KARACHI: Azka Malik has spent the past four years learning the ropes in order to become a commercial pilot, and now she’s ready to join the ranks of her male-dominated industry in the hopes of paving the way for other women.
According to statistics compiled by Women in Aviation International, women make up about 7% of commercial pilots worldwide. Though the exact percentage is unknown, it is significantly lower in Pakistan.
Women make up less than 7% of the world’s pilot population. Malik, now 23 years old, told Arab News on Tuesday that being a female pilot is “obviously a very big challenge for us girls to come out here,” as she sat in the cockpit of a Cessna at her aviation school.
She is entering the field after graduating from the Sky Wing academy in Karachi, unfazed by the sexism and other biases she may encounter.
“It’s incredible, that sense of freedom you get when you’re in the air. It’s unlike anything else in the world,” she exclaimed.
Increased female participation indicates positive change.
Women are also already at the forefront of fields like aircraft maintenance and mechanical support.
Committed to proving that aircraft maintenance is not exclusively a man’s job, Komal Khalid, a 25-year-old technician and fellow Sky Wing alum, thinks women have finally broken the glass ceiling.
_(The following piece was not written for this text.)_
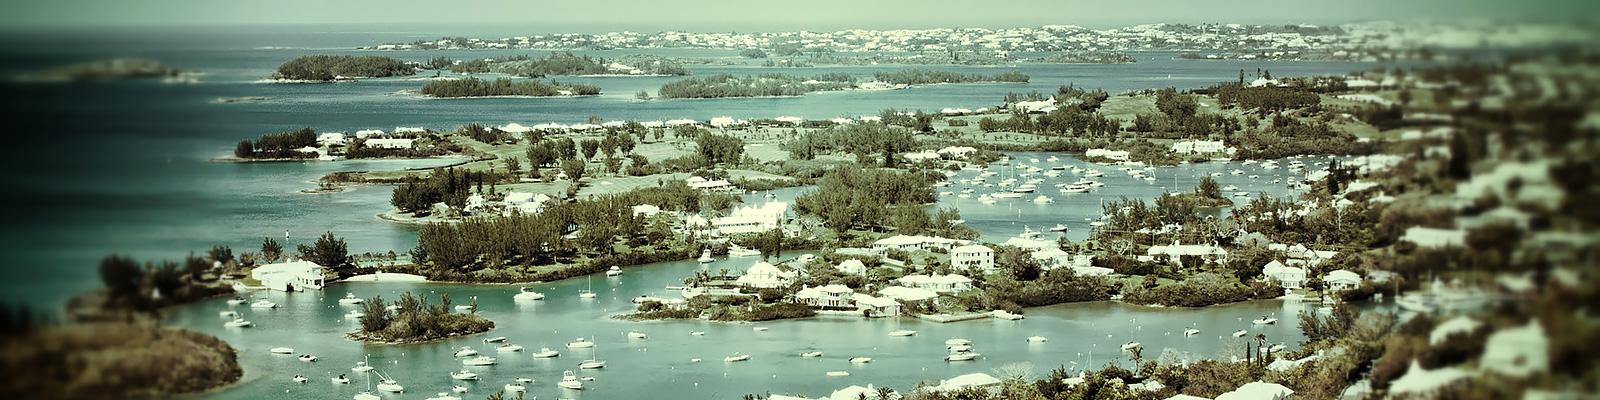 バミューダ諸島 イメージ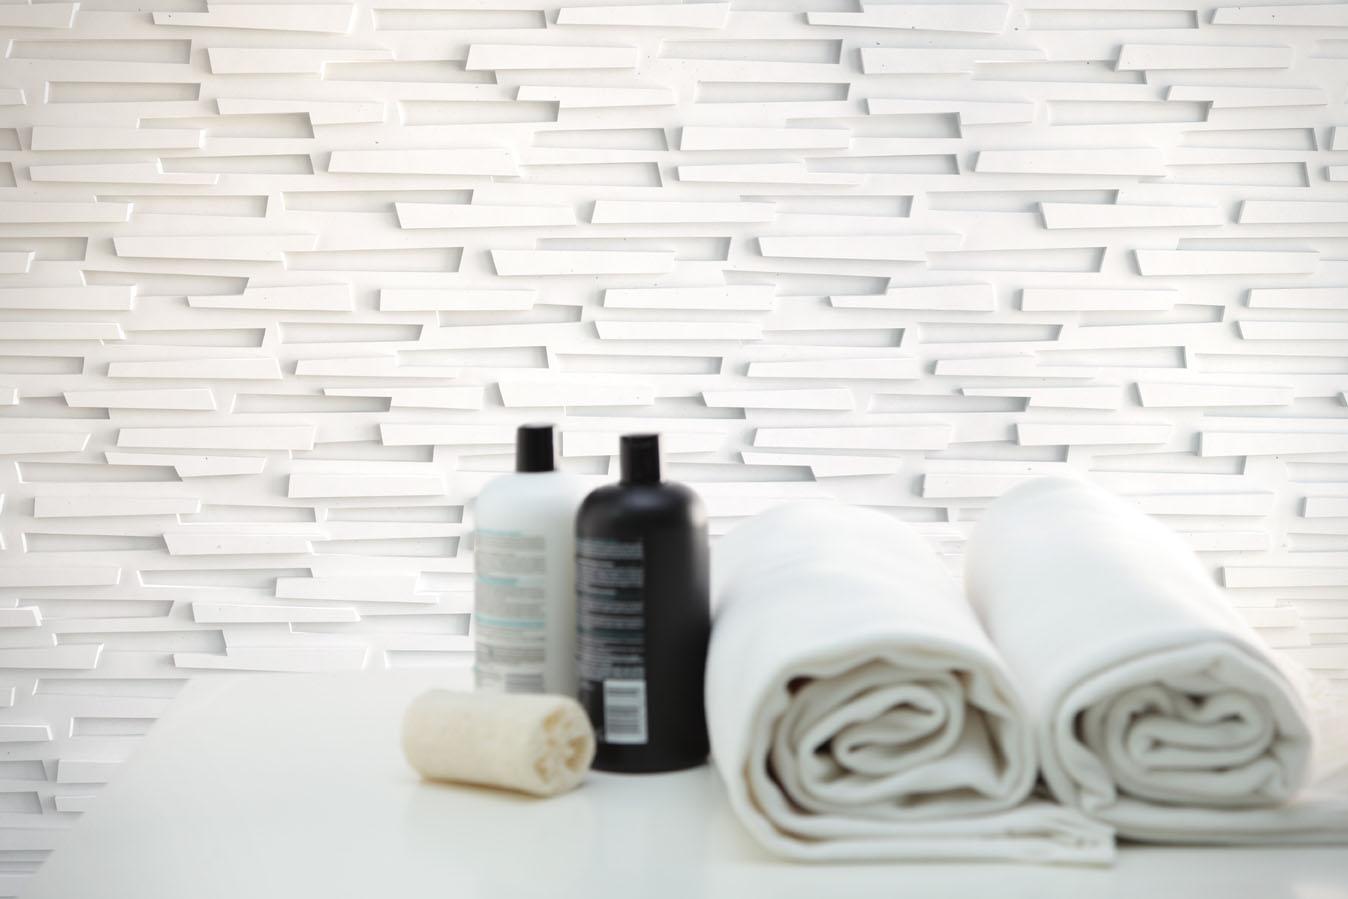 Panel Piedra Exclusive ® (Patented design®)

Yes, it’s a competitive industry, but that doesn’t mean women can’t succeed in it. “We are here and we are doing it, right in front of you,” she emphasized. “There is no work in the world that only a man can do. These ideas are becoming antiquated.
And according to 25-year-old Subhana Anwer, who works as an aircraft maintenance technician, the field is open to anyone who can read the dense science textbooks
necessary to become an expert in it, regardless of gender.
“Being an aviation maintenance as a career, it takes a lot of studying, it takes a lot of hard work,” she said.
As a pilot, I can tell you that it takes a lot of effort to speak from the heart about aviation. Doing so is challenging. A great deal of homework must be completed. The hours are very late. There will be challenges, and, in all honesty, a lot of perseverance and hard work will be required.
It’s encouraging to see more women taking risks.
Sky Wings has trained 25 pilots and 42 aircraft technicians since 2019. There were seven female pilots and twenty-two female technicians. Sky Wings is just one of nine similar aviation schools in Pakistan.
According to Arab News, the school’s CEO, Imran Aslam Khan, said that several women he had trained as pilots, engineers, and technicians had found jobs with various airlines in Pakistan and abroad.
There will be no development in any country, we believe, until women are included in all sectors of the economy.